== Segment start ==

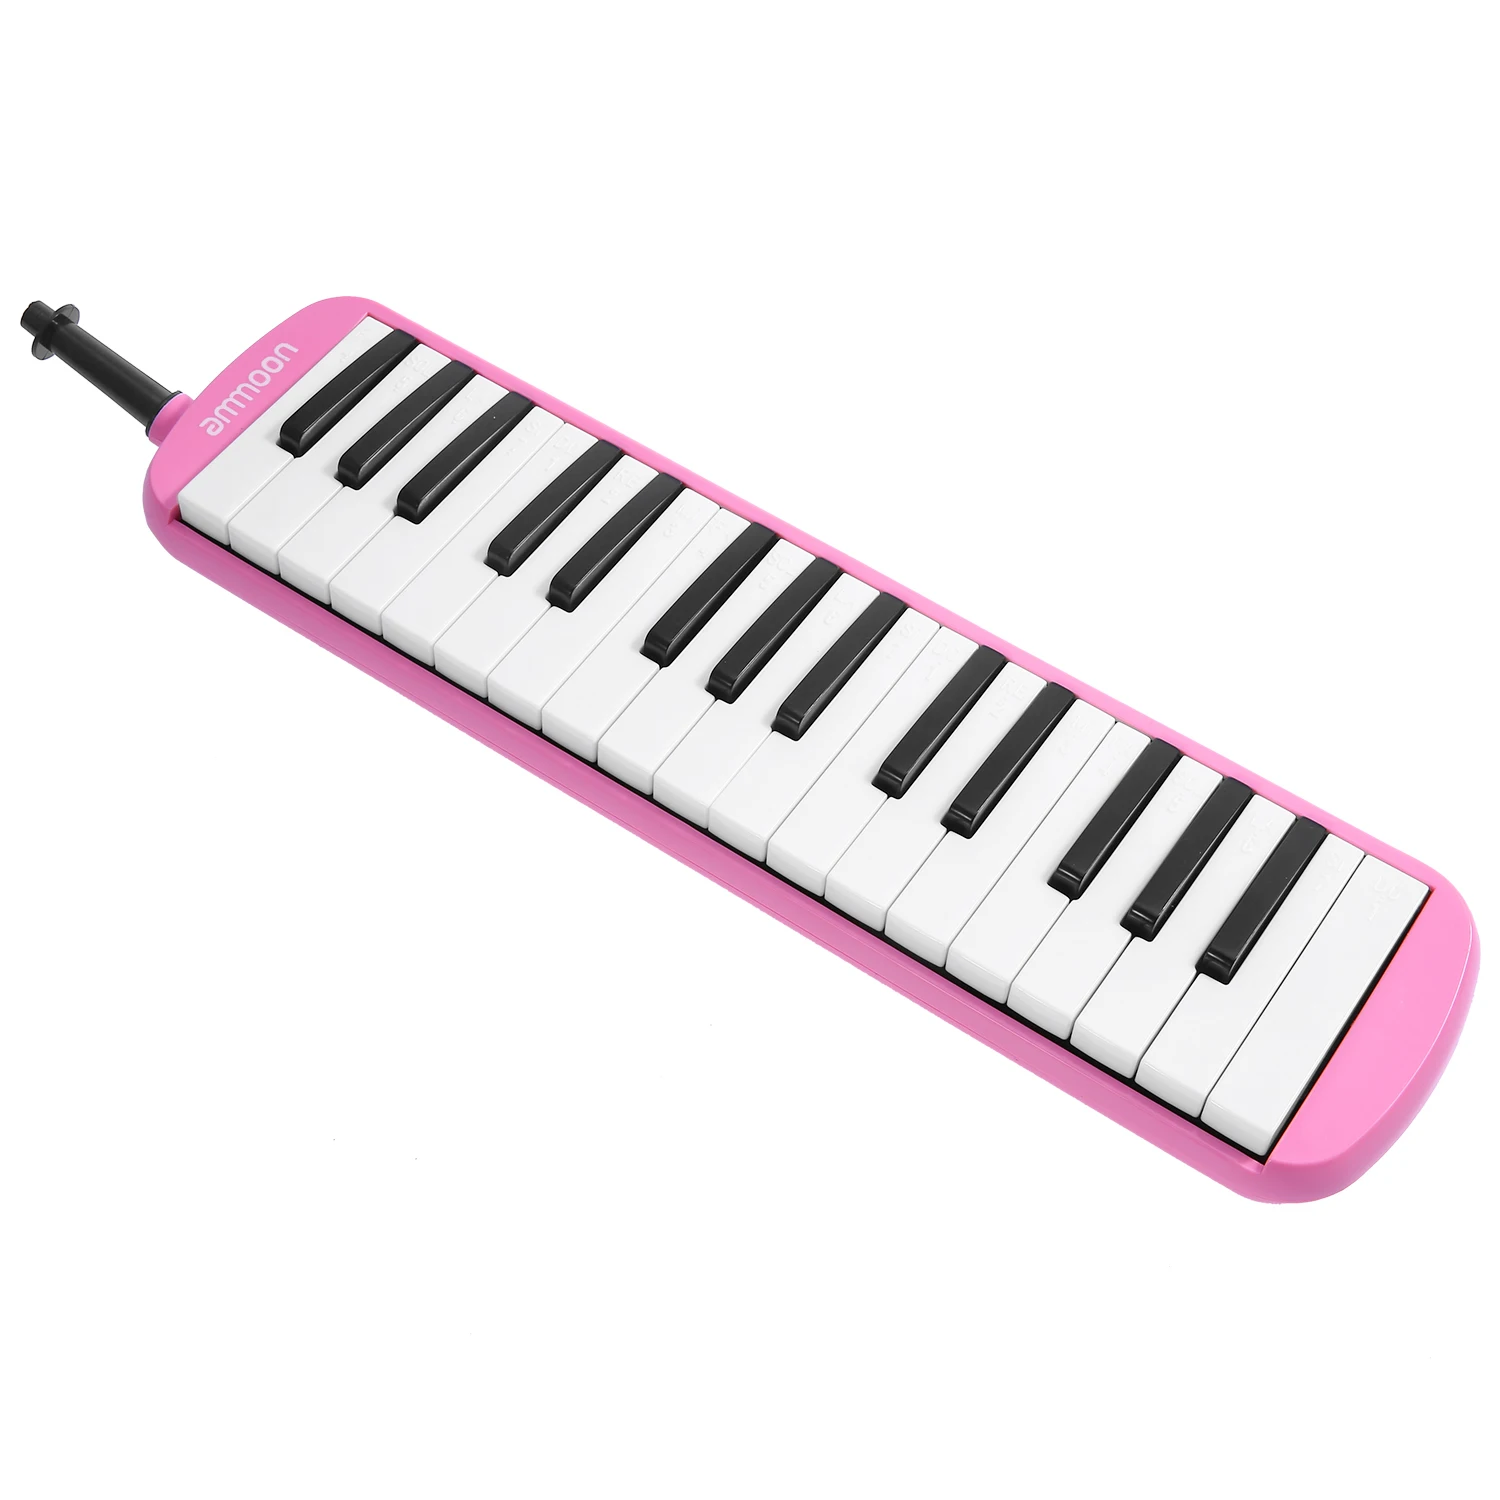 Ammoon 32 клавишная мелодика Фортепиано стиль клавишная гармоника рот орган с мундштук чистящая ткань чехол для переноски музыкальный подарок
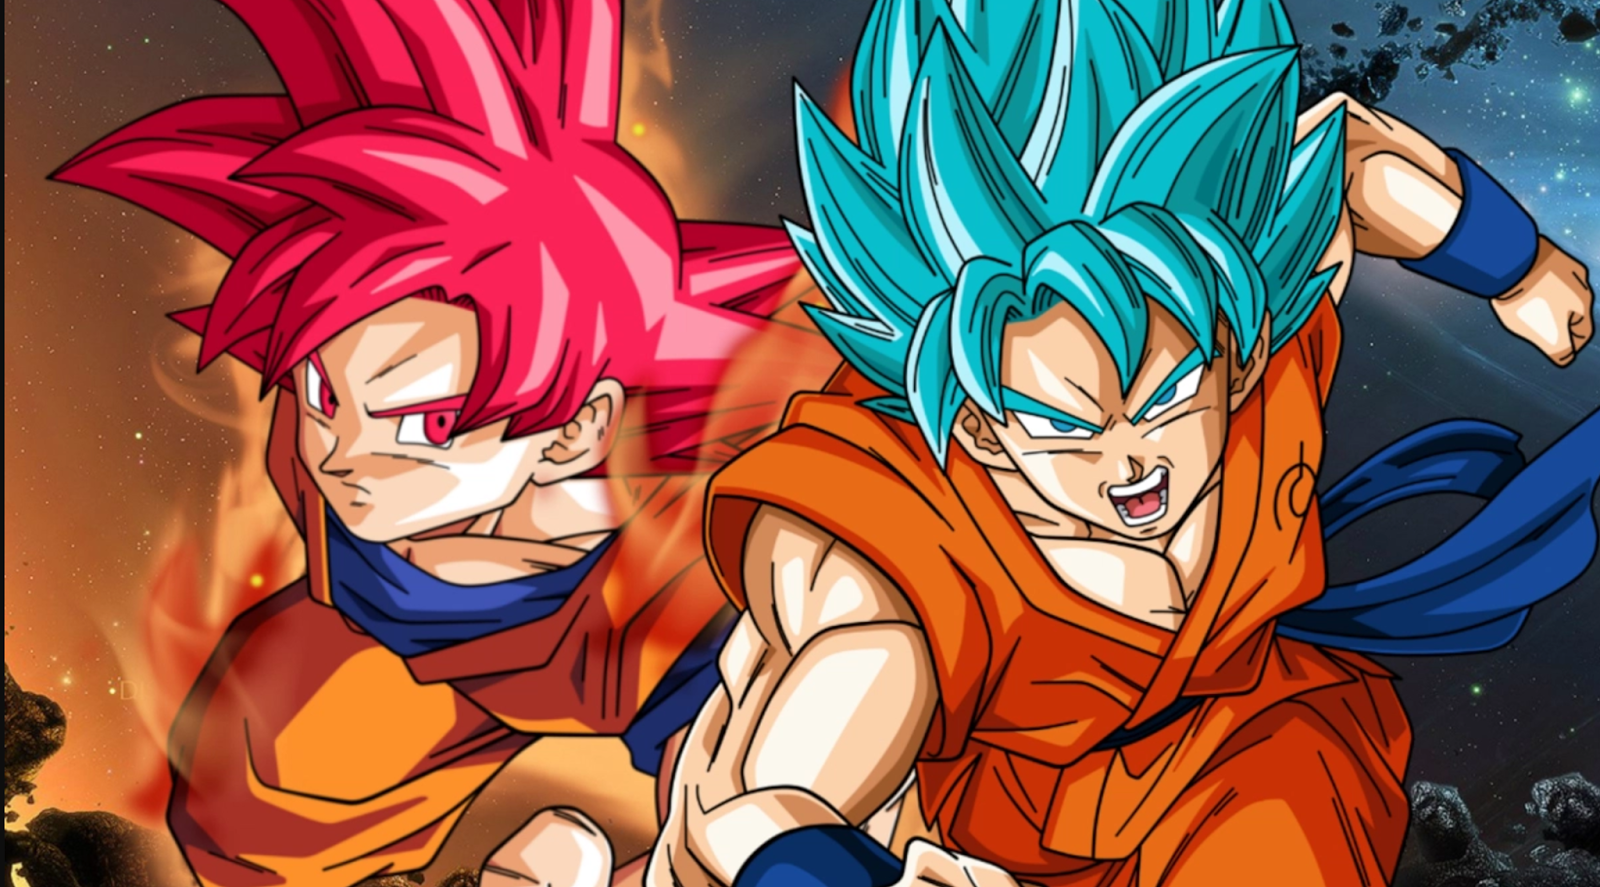 Goku vs bills pelea completa en HD YouTube - Dragon Ball Z Goku Versus Bills
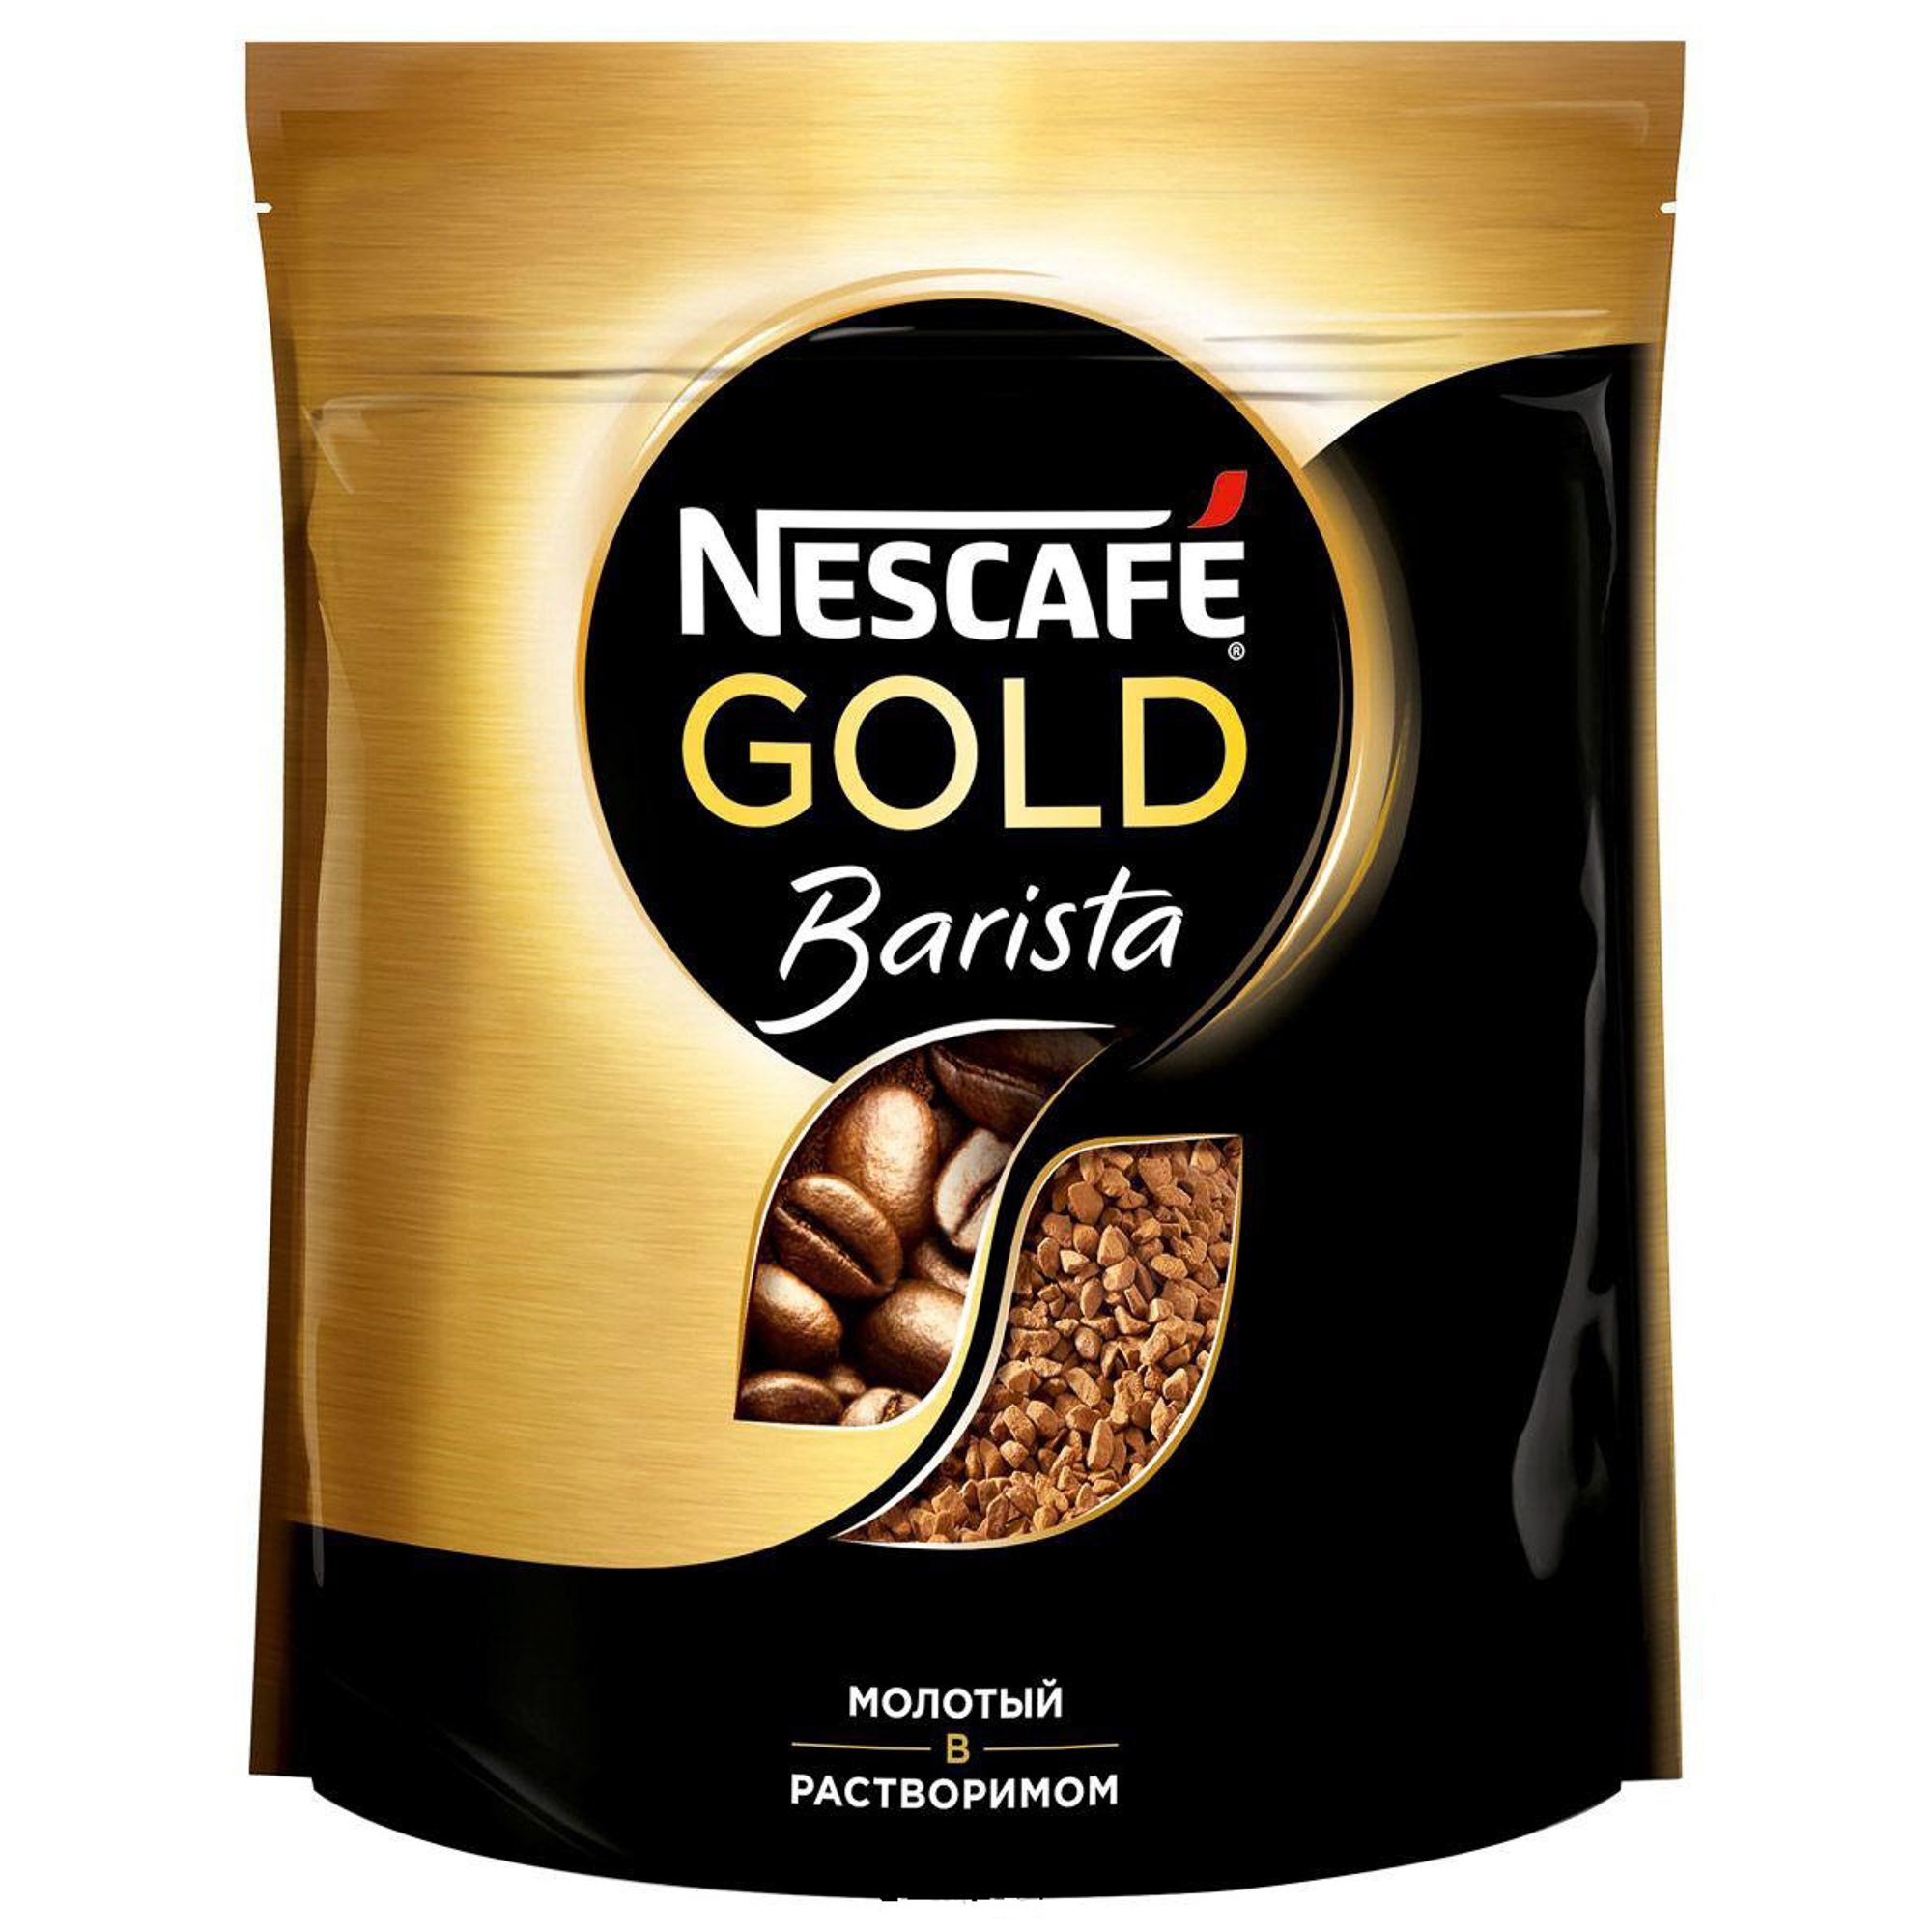 Nescafe gold сублимированный

== Segment end ==

== Problem to work on ==
Copy every line of the listing above exactly. Leave each picture out.

== Task output ==
 Ammoon 32 клавишная мелодика Фортепиано стиль клавишная гармоника рот орган с мундштук чистящая ткань чехол для переноски музыкальный подарок
 Goku vs bills pelea completa en HD YouTube - Dragon Ball Z Goku Versus Bills
 Nescafe gold сублимированный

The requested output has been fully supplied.